Part of the reason for the SPD’s behavior is that for the first time, the SPD’s left-wing has taken key positions after the previous leader Andrea Nahles threw in the towel in 2019. Mützenich and Walter-Borjans are simply pushing for policies they believe in, moving the SPD deliberately further to the left and closer to the ideological “anti-militarism” of the Linke, or Left Party. New Linke co-leader Janine Wissler has ruled out Bundeswehr deployments of any kind.

But it also speaks to the SPD’s great uncertainty given its steady decline in popular support. Ever since Chancellor Gerhard Schröder lost in 2005 to Merkel (with 34.4 percent of the popular vote), the SPD’s fortunes have receded dramatically. General elections in 2009 (23 percent) and 2013 (25.7 percent) eroded the SPD’s claim to be a people’s party (Volkspartei), representing the whole spectrum of German society. In 2017, the SPD registered a devastating 20.5 percent and was still forced to enter into yet another “grand coalition” government with Merkel’s CDU/CSU. Since then, support has fallen even further, with the SPD stubbornly stuck at around 16 percent in polls.

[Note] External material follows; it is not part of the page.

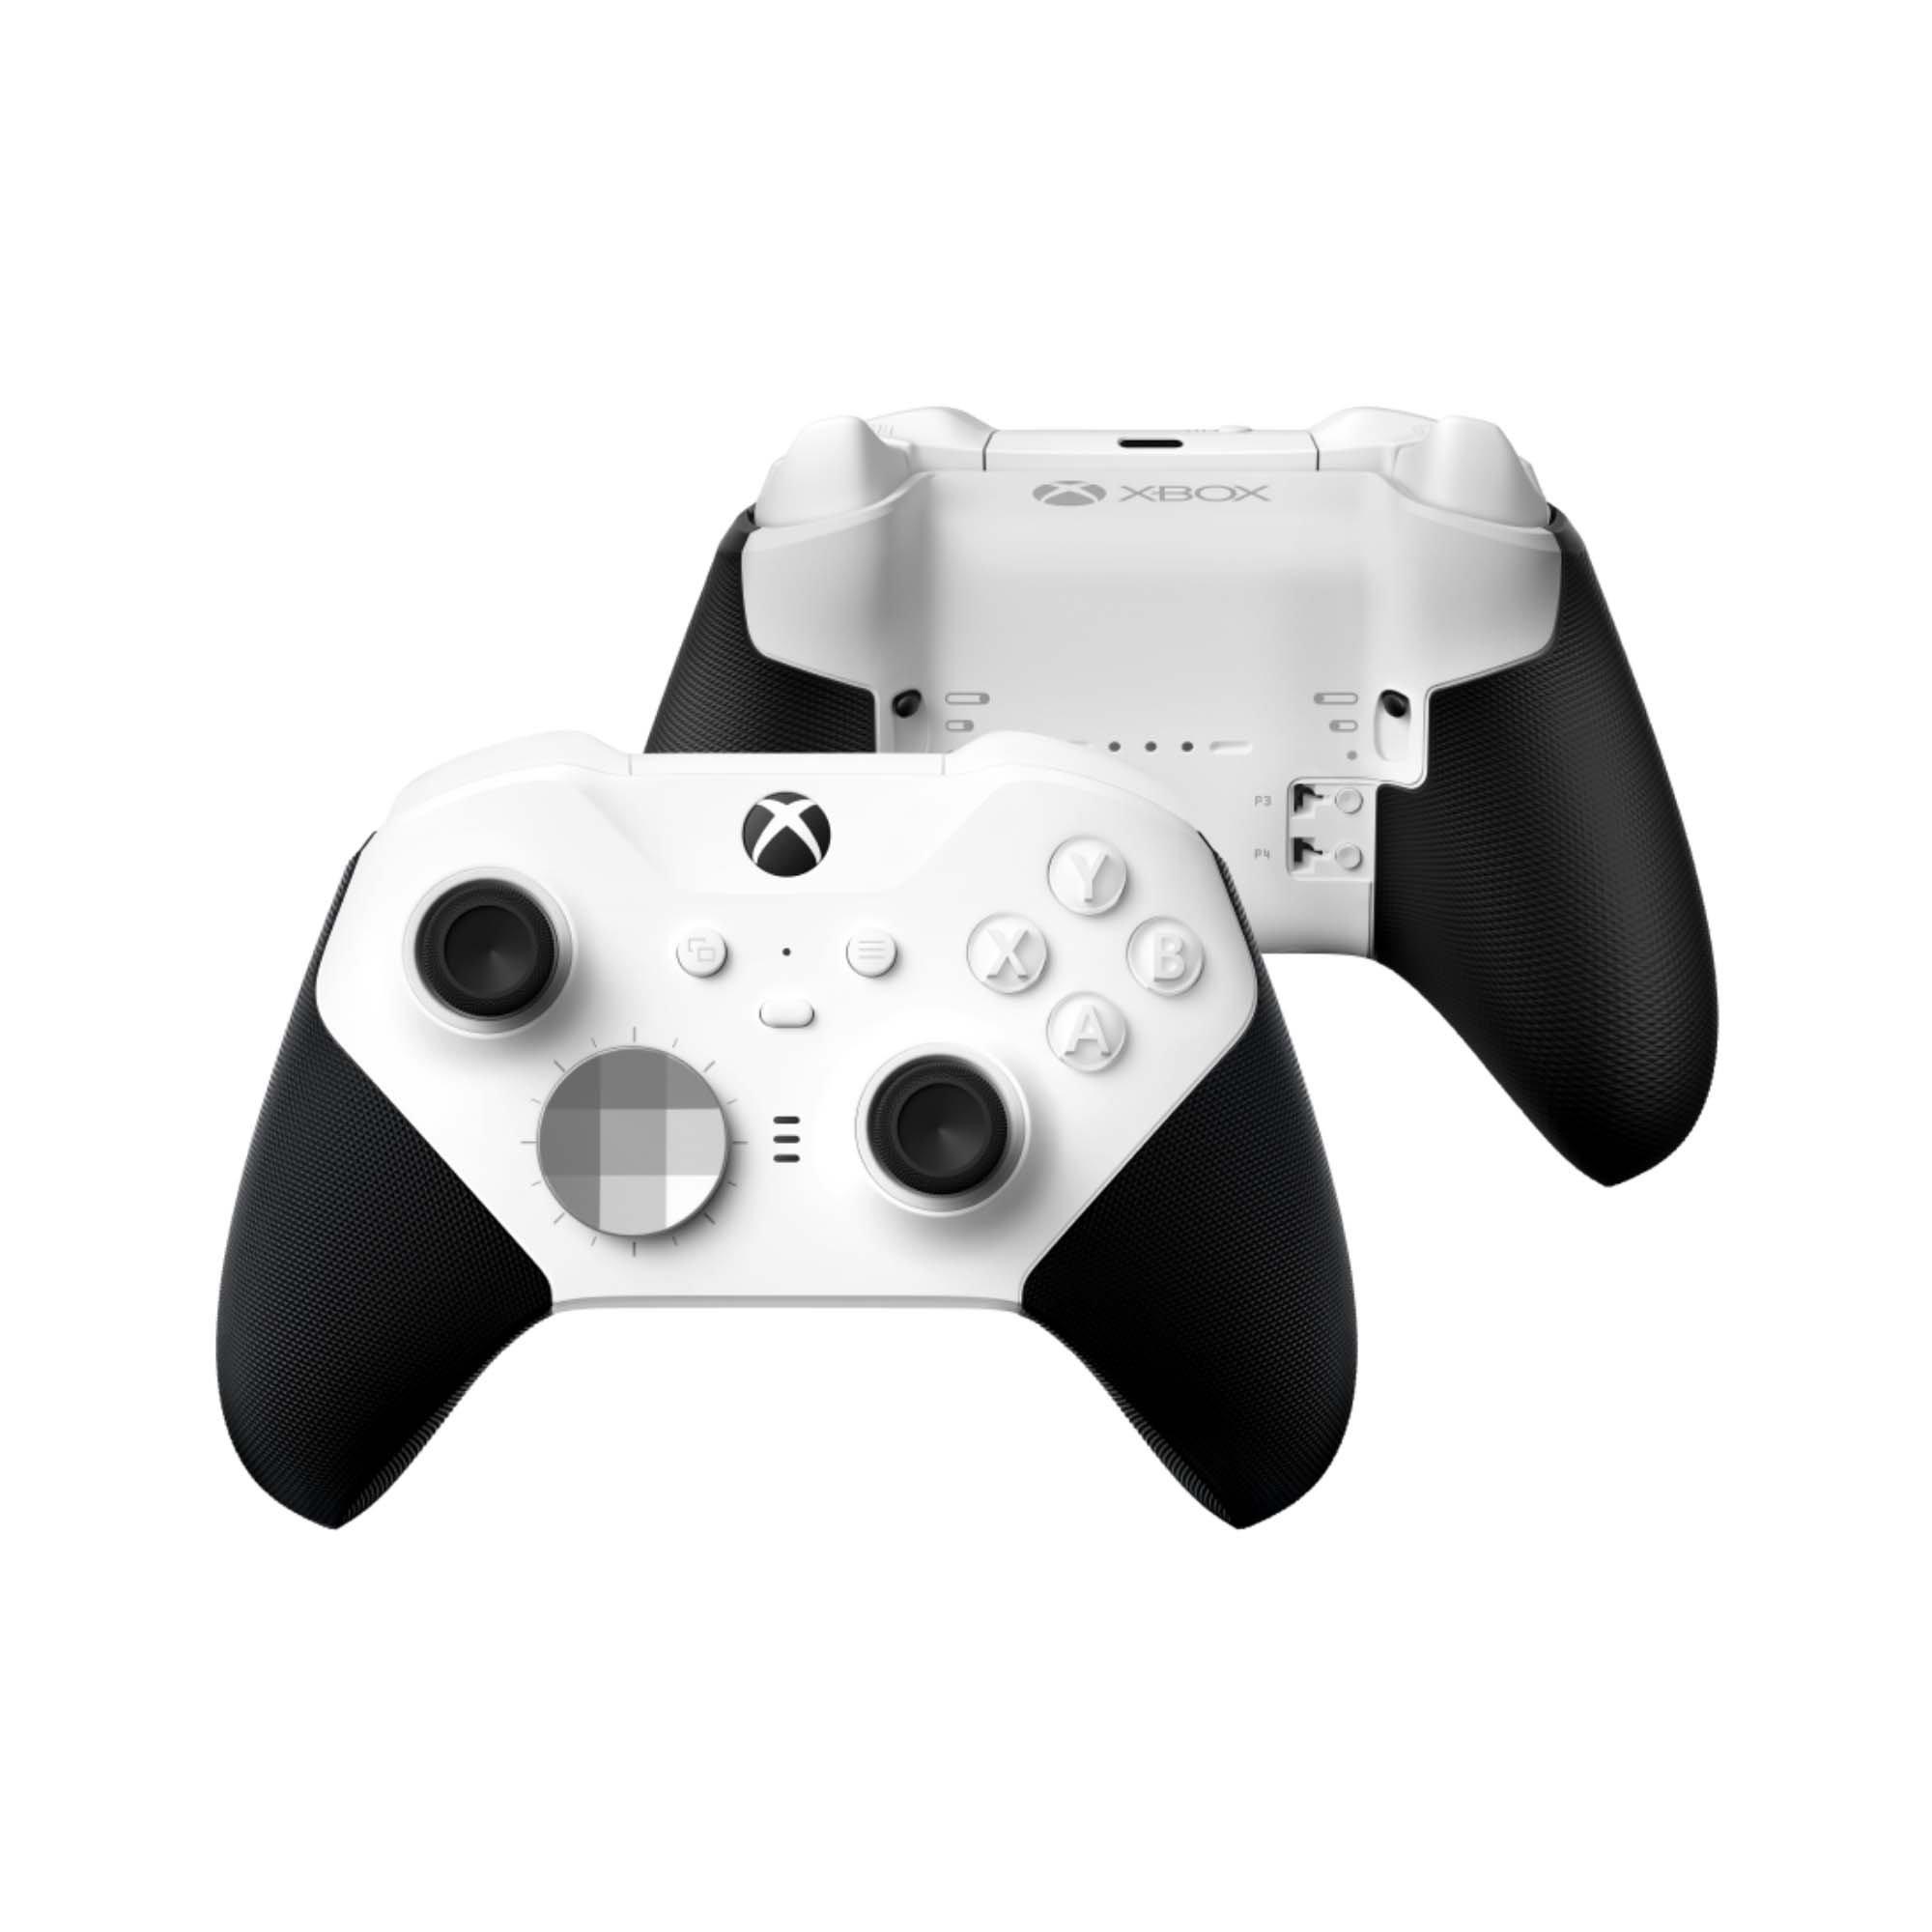 Microsoft Xbox Elite Series 2 Core Wireless Controller - Red/Black

Thus, the SPD’s new stance on defense is largely driven by the fear of alienating even more voters as well as a way of simply skipping over unpalatable choices, for instance on Russia policy. “There have always been pacifists in the SPD, but the SPD has never been a pacifist party,” one party insider told me. But in times of internal crisis, the insider added, the current SPD leadership reflexively turns to what they believe are certain and eternal vote winners: “a wealth tax, peace policy (Friedenspolitik), and Willy Brandt.”

Selective Memory

This memory is highly selective, though. For a start, whoever quotes Willy Brandt also needs to mention Helmut Schmidt. In fact, ever since the SPD threw its neutralist foreign policy over board in 1959, it had been the tock to the CDU/CSU’s tick: the Christian Democrats made sure (West) Germany was deeply anchored in the West, the SPD added policies of Eastern détente which, Social Democrats always recognized, were only possible when based on the Westbindung, with strong military underpinning.

Thus, much of the equipment Bundeswehr soldiers are still using, starting with “Marder” tank, were brought into service by SPD defense ministers, who often scored highly when it came to being gruffly respected if not liked by the Truppe, or army rank and file, from Georg Leber to Peter Struck; the latter, the SPD’s (so far) last defense minister (2002-05), oversaw the Bundeswehr’s original Afghanistan deployment. And while the higher echelons in the army could be relied on to vote for the CDU/CSU, the lower ranks overwhelmingly supported the SPD.

Severing a Bond

The party leaders’ new “signaling,” especially the drone decision, now risks severing this long-standing bond. In other words: In trying to appeal to the principled pacifists within its ranks and possibly winning over a few tens of thousands from the Left Party, the SPD risks losing the soldiers’ vote which, counting their families, could well add up to half a million votes.

The irony is that the SPD is still much more “reliable” and centrist when it comes to foreign and especially security policy than the Greens, widely expected to be the CDU/CSU’s next coalition partner. Only parts of the Greens have supported the Afghanistan mission and NATO’s 2-percent-of-GDP spending goal; and they have problems with drones and nuclear weapons, too.

What’s more, the SPD’s decision on armed drones, if reversed after the elections, would not seriously delay their eventual deployment. Broadly speaking, Germany’s Social Democrats, starting with “chancellor candidate” Olaf Scholz, are still on solid centrist ground when it comes to foreign policy. The question is, though, how much the party will matter at all after September 26.

Henning Hoff is Executive Editor of INTERNATIONALE POLITIK QUARTERLY.